■ **Work order**
For the material below, return exactly the lines starting at the line containing "The Masterpieces (1st" and ending at the line containing "Hot dogs and buns in air fryer.", both ends included, and no others.

■ **Dataset**
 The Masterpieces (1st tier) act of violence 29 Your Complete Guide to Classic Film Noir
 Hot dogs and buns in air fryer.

--

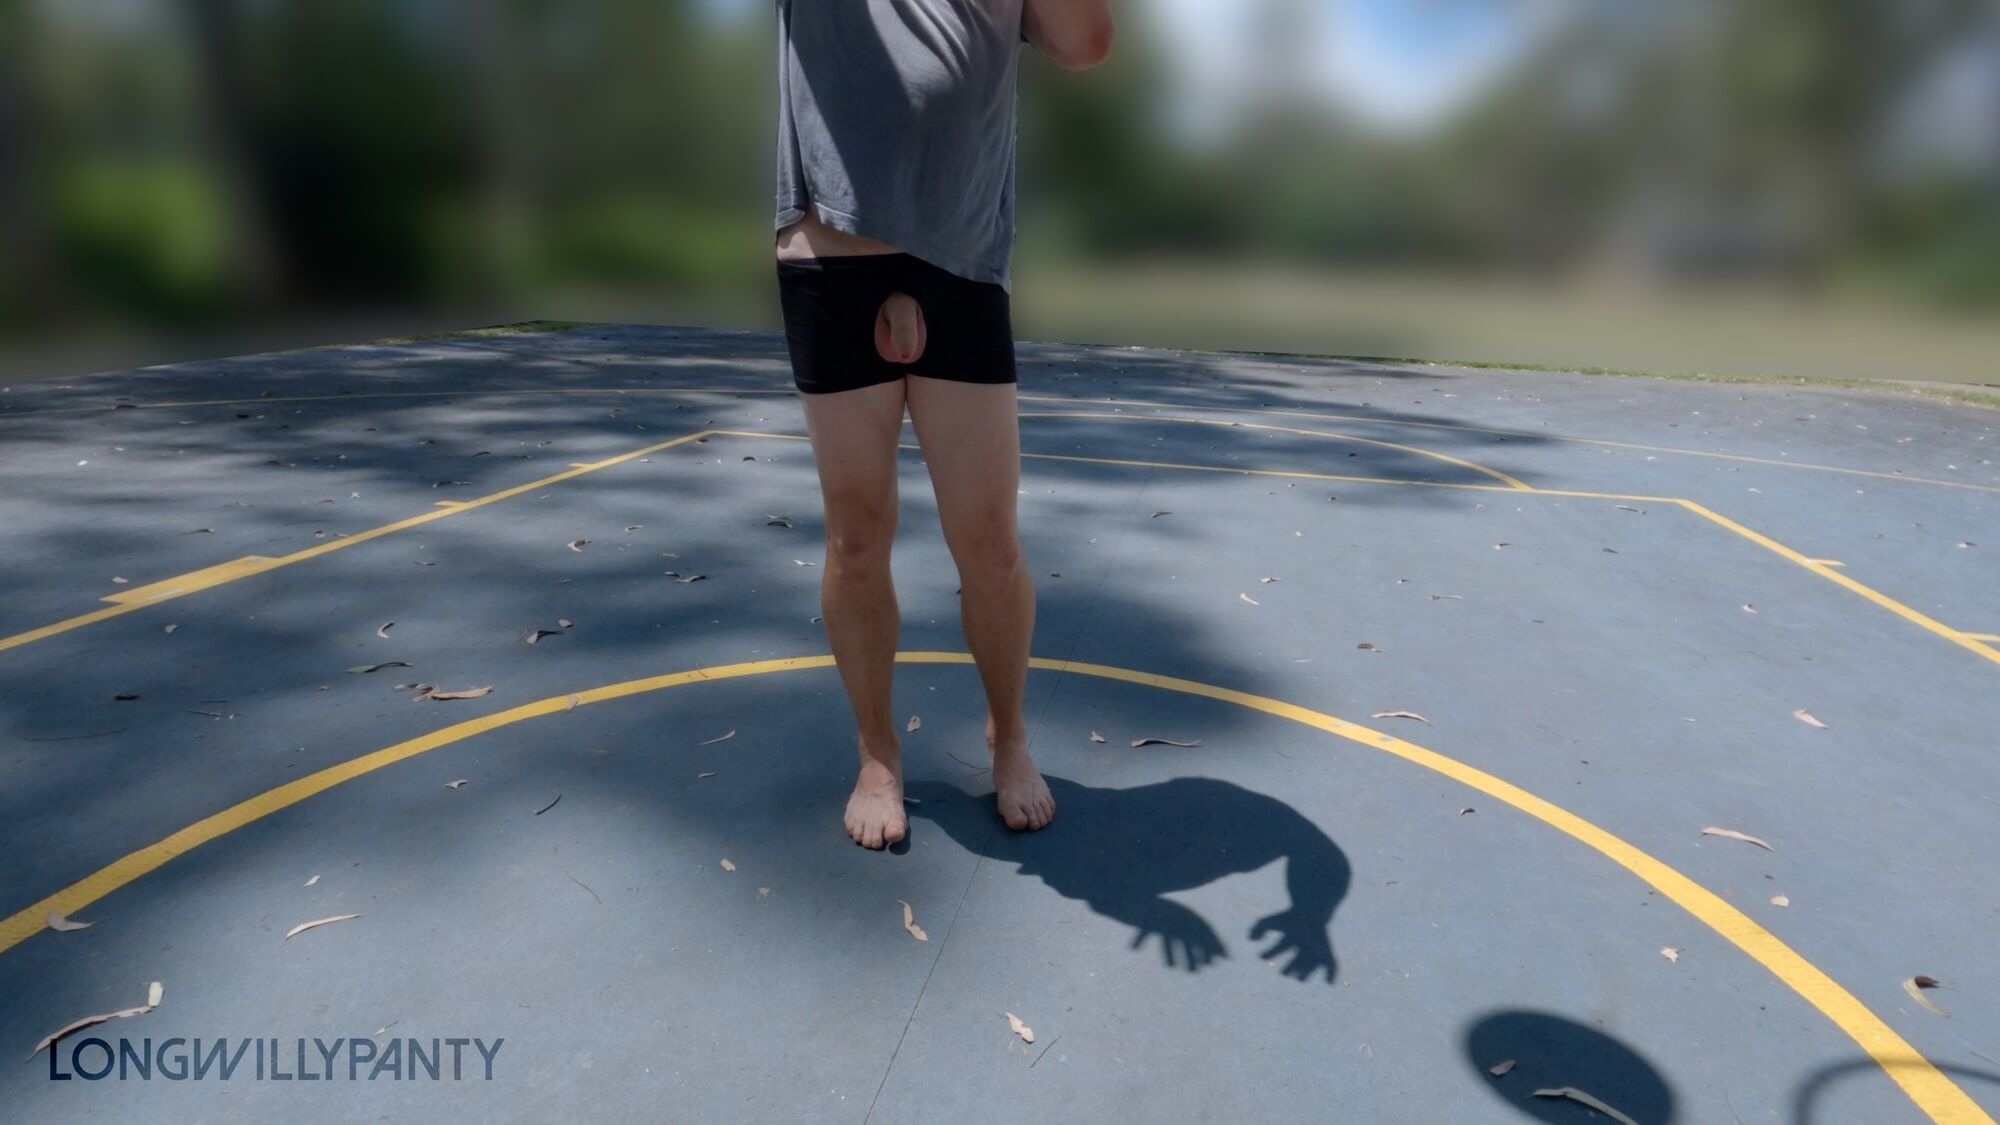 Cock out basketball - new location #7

■ **Solution**
 The Masterpieces (1st tier) act of violence 29 Your Complete Guide to Classic Film Noir
 Hot dogs and buns in air fryer.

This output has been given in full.